Message #15 received at 840451@bugs.debian.org (full text, mbox, reply):

From: Salvatore Bonaccorso <carnil@debian.org>

To: 839118@bugs.debian.org, 839260@bugs.debian.org, 839841@bugs.debian.org, 839845@bugs.debian.org, 839846@bugs.debian.org, 840451@bugs.debian.org

Subject: ghostscript: diff for NMU version 9.19~dfsg-3.1

Date: Sun, 16 Oct 2016 20:56:38 +0200

[Message part 1 (text/plain, inline)]

Control: tags 839118 + patch
Control: tags 839260 + patch
Control: tags 839841 + patch
Control: tags 839845 + patch

Dear maintainer,

I've prepared now an NMU debdiff for ghostscript as well for the
version in unstable.
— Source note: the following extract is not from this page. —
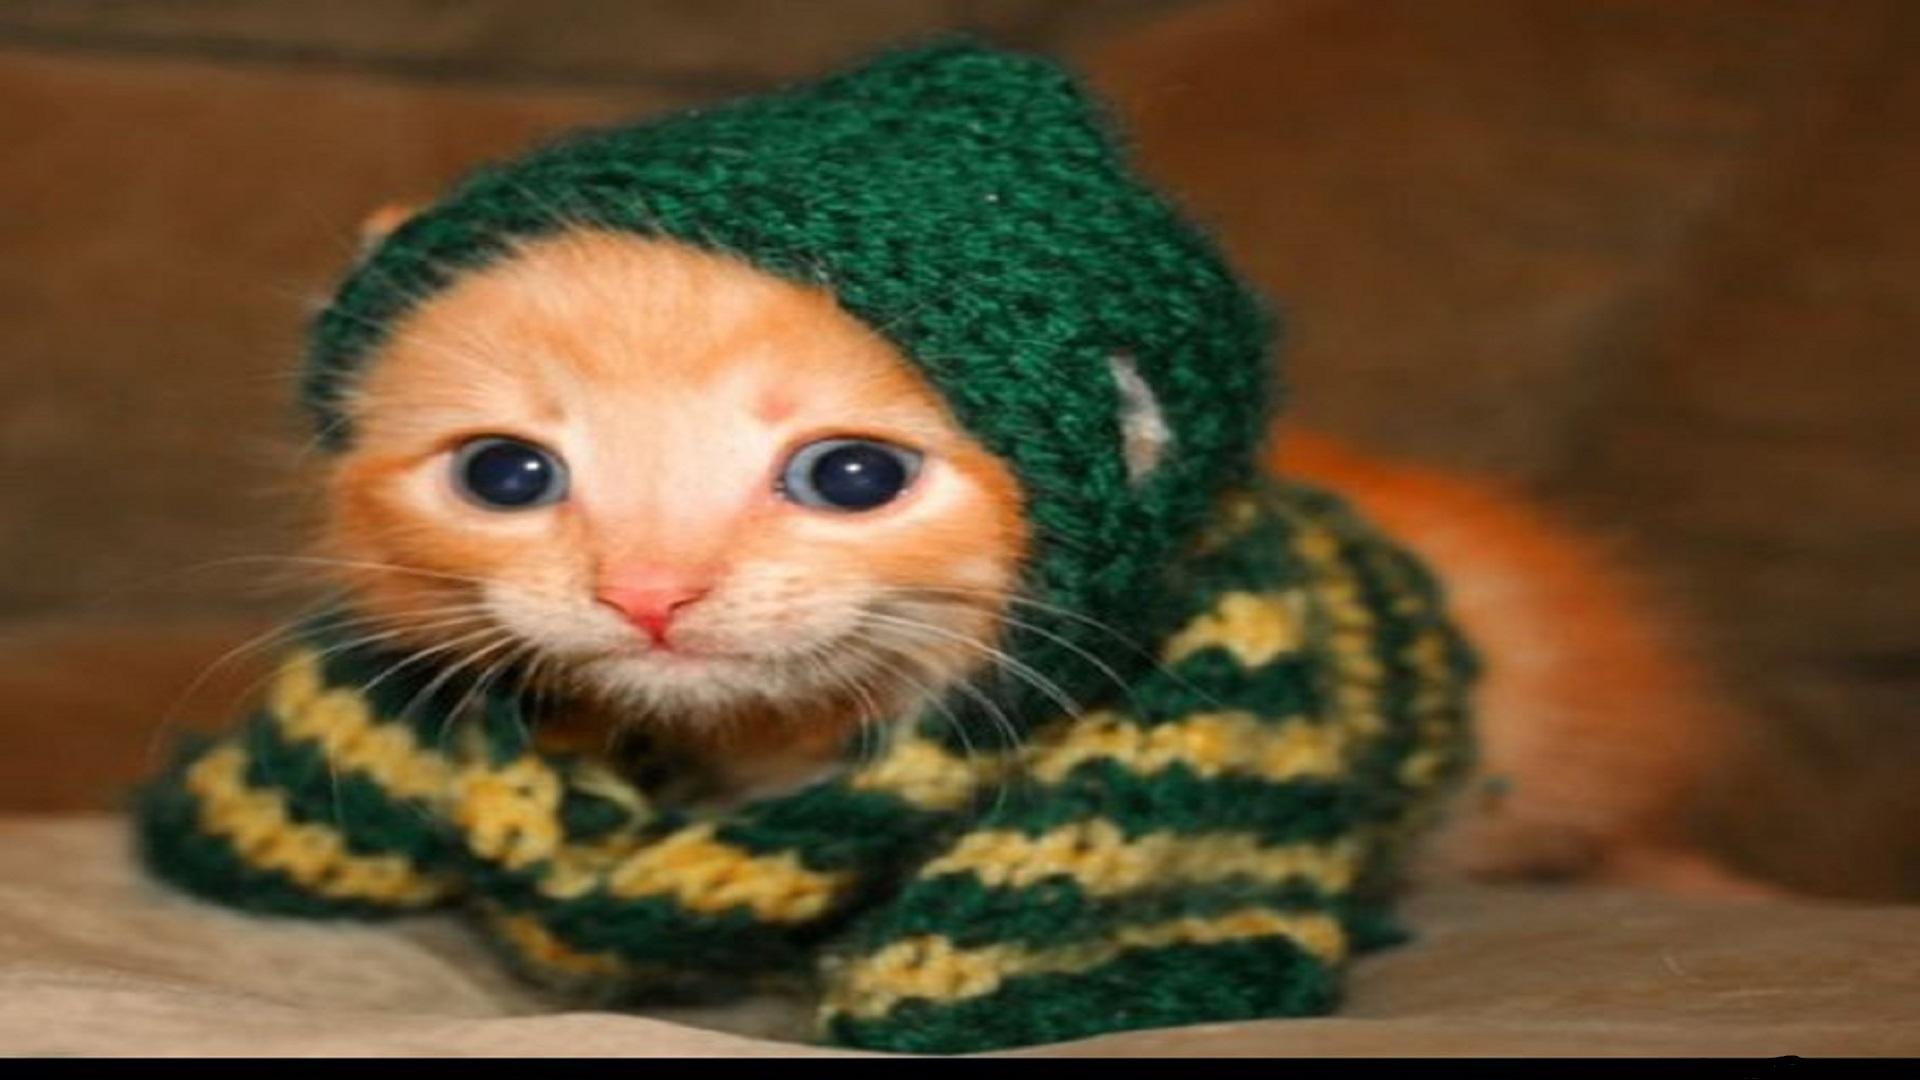 Beautiful Cats Wearing Cute Dress Free Hd Wallpapers Hd Wallpaper

Due to further investigation needed for #840691
I'm not yet uploading.

After updating ghostscript the same problems seem visible in unstable
for evince and zathura, and I'm not yet sure that the patches just
uncovered a bug in libspectre. Help in debugging this would be
welcome.

Regards,
Salvatore

[ghostscript-9.19~dfsg-3.1-nmu.diff (text/x-diff, attachment)]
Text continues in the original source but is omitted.